Пройдя транспортный контроль, Сатин направился в зал выдачи, высматривая на табло номер ленты, с которой должен был прийти его багаж. Он поравнялся с группой хорошо одетых людей, энергично переговаривавшихся друг с другом. Сатин пропустил мимо себя бодрую группу японцев, улавливая за спиной радостные выкрики «футболочных» фанатов. Взрослые представители вели за собой молодых спортсменов. Отчужденно глянув поверх голов и не заостряя ни на ком внимания, Сатин выхватил обрывки фраз на японском языке. Одинокий турист и японцы миновали друг друга. Отвлекшись на табло, он какое-то время еще слышал их торопливую речь. Направляясь к ленте выдачи багажа со своего рейса, он слышал возбужденные голоса фанатов. Остановился у полосы выдачи, провожая глазами множество всяких тюков, котомок, кейсов и чемоданов, потер лоб, решительно собираясь с мыслями. В широком проходе замельтешили люди, спеша на таможенный контроль. Подхватив свой чемодан, он проверил замки. Обернувшись, Сатин заметил группу черноволосых приземистых японцев у самого выхода из зала, среди них были и рослые представители. Всей толпой проследовав на эскалатор, спортсмены начали скандировать свои лозунги и махать руками «футболочным» фанатам. На верхнем этаже их уже поджидали две улыбающиеся женщины, одетые в деловые костюмы. Кто-то громко смеялся. Женщины приветствовали представителей японского посольства и повели их многочисленную группу по балкону, огибающему зал по периметру.

Возвестили о посадке, но его взгляд был прикован к одному лицу. Темные, выразительно обведенные ресницами узкие глаза на бледном лице, подкрашенные волосы и прямая осанка… Заморгав, он быстро пришел в себя и сорвался с места. Их разделяло с десяток метров по сквозному коридору, один эскалатор. Считанные секунды и драгоценное ведение скроется в коридорах верхнего этажа, направляясь в забронированный японской спортивной фирмой гостиничный номер. Язык точно присох к нёбу, в висках бешено пульсировала кровь, рука сама потянулась вперед, расчищая дорогу сквозь толпу, отталкивая, отпихивая зазевавшихся туристов. Парень слился с толпой, и японское посольство углубилось внутрь терминала. Выкрикивая извинения, Сатин ворвался в массу человеческих тел. Чемодан оттягивал руку, замедлял движение, и помеху пришлось бросить на пол. Взлетев по ступеням эскалатора, резко затормозил на скользком полу. Он замечал встревоженные взгляды на соседнем эскалаторе. Теперь он отчетливо видел каждое лицо, каждый жест… Окружение наполнилось красками, а в воздухе, наоборот, всё будто смолкло. Колотилось где-то в горле, во рту пересохло. Что здесь делает его сын, как Эваллё оказался в группе японских спортсменов, правда ли то, что тот прибыл на соревнования – у Сатина еще будет время подумать, сейчас не это главнее всего.

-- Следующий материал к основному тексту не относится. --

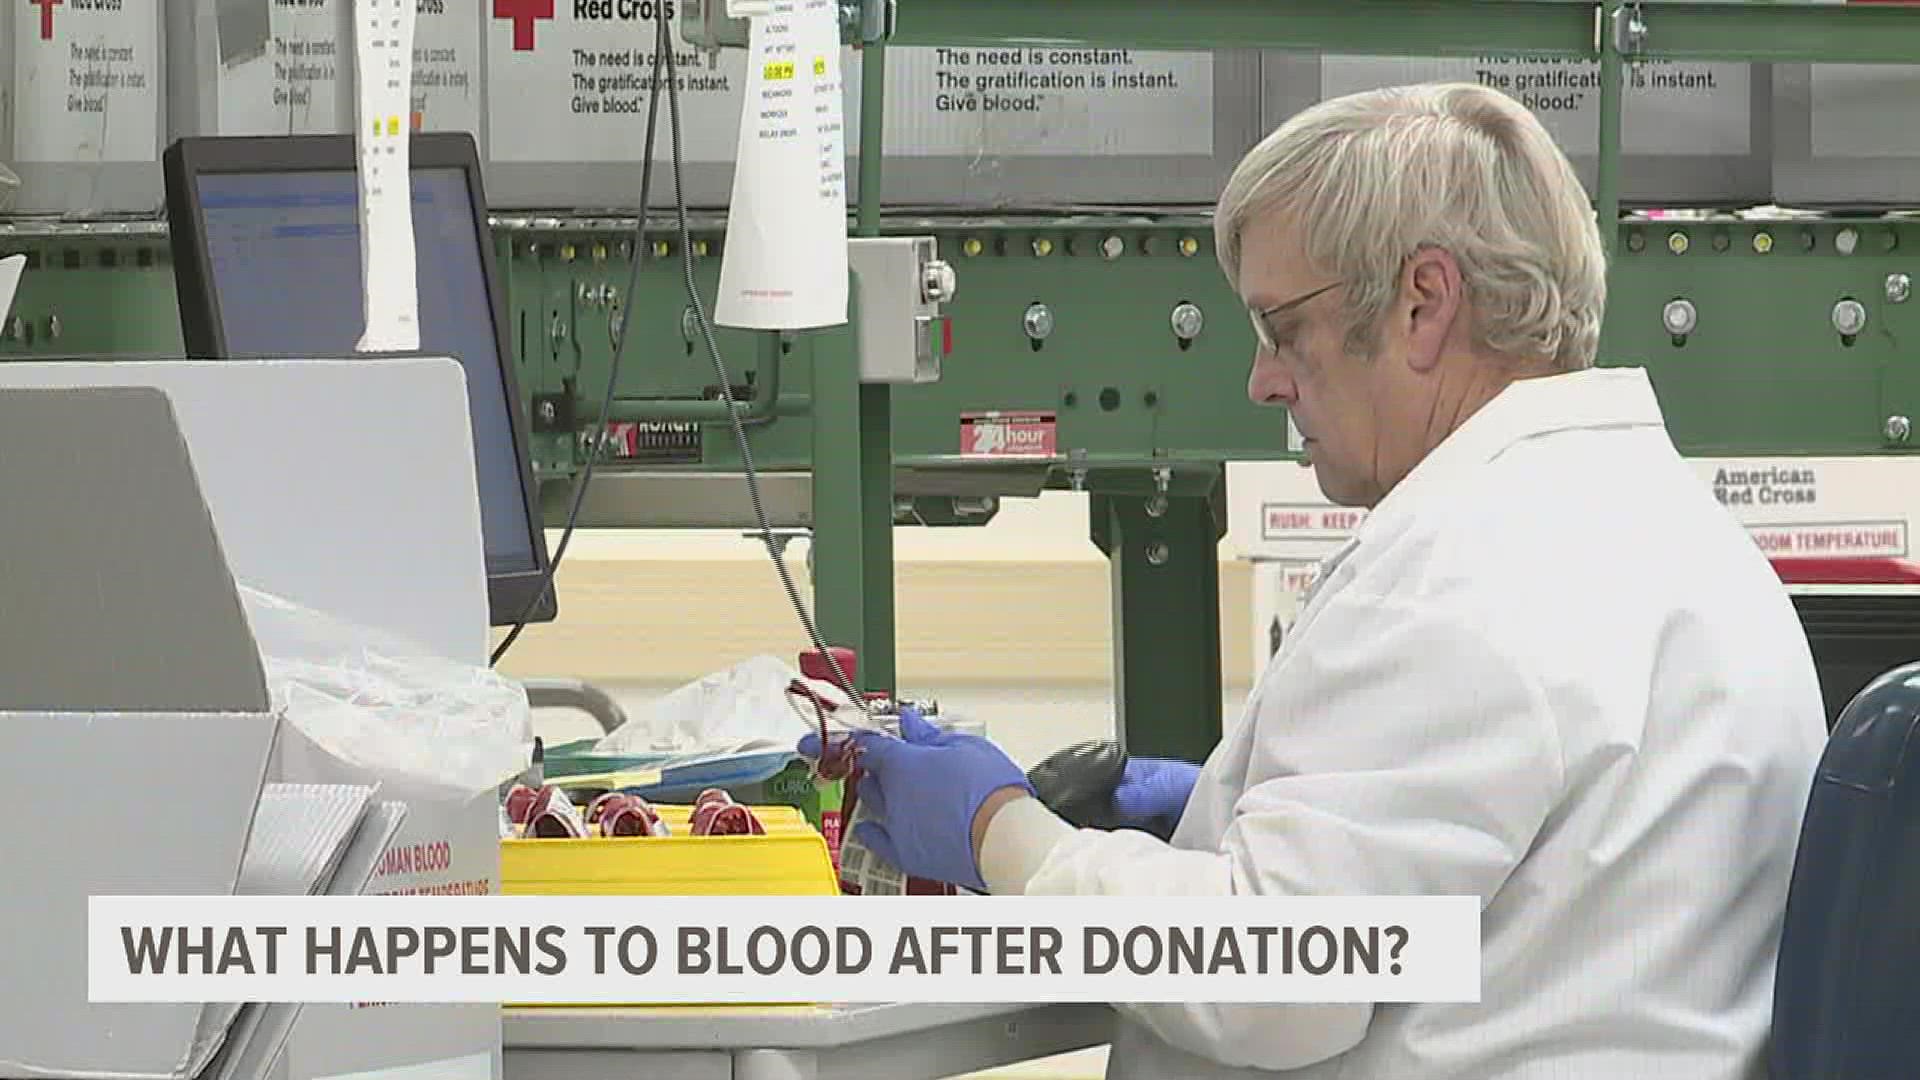 After the blood is processed, it’s ready to be shipped, with rare blood even going across the country.

Платок соскользнул по волосам, открывая уложенную муссом прическу. Обернувшись на бегу, мужчина уловил несколько прикованных к нему взглядов.

– Боже мой! Это же… – замолчала на полуслове девушка у эскалатора, не сводя с мужчины округлившихся глаз.

– «Храм Дракона»! – воскликнула её подруга, хватая девушку за плечо.

Холовора отвернулся и, стиснув губы до боли, преодолел несколько последних ступеней. А на соседнем эскалаторе уже наставили камеры мобильных телефонов.

– Что?! «Храм Дракона»?! Где?! Где?!

Удивленные голоса, как принесенные издалека, касались его слуха.

– Это же Сатин!

– Не может быть! Сатин вернулся! Его не было…

Сатин обогнул внутренний зал, пробежавшись по балкону, пресек малолюдную площадку с прозрачными стеклянными стенами, загнул внутрь, бросился вперед по коридору. Ему чудилось, что эти стены еще отражают эхо японской речи, неожиданно ставшей наиболее важным ориентиром в жизни. Он всё еще улавливал топот каблуков кожаных ботинок, писк подошв кроссовок. Свернул в боковое ответвление, оттолкнулся от стены. Здесь было пусто, лишь громыхание шагов отдавалось от стен. Вероятно, он свернул не туда, но здесь невозможно было заблудиться. Вылетев из другого конца коридора, обхватил пальцами поручни огибающего зал балкона и опустил взгляд: прямо под ним располагалось основное помещение терминала: везде сновали люди, передвигались маленькие фургончики, скрипели тележки, щелкали денежные и кассовые автоматы. Перед Эваллё разъехались стеклянные двери. Японцы проследовали на выход. У тротуара их поджидал высокий автобус, обклеенный спортивными плакатами с колонками иероглифов.

Тяжело дыша, но не столько от быстрого бега, сколько от нервного перевозбуждения, Сатин облизал пересохшие губы.

Эваллё здесь. Эта мысль буквально покорила его. Видеть сына таким – цветущим, радостным, – уже большое счастье. Возможно, он наконец-то начинает просыпаться.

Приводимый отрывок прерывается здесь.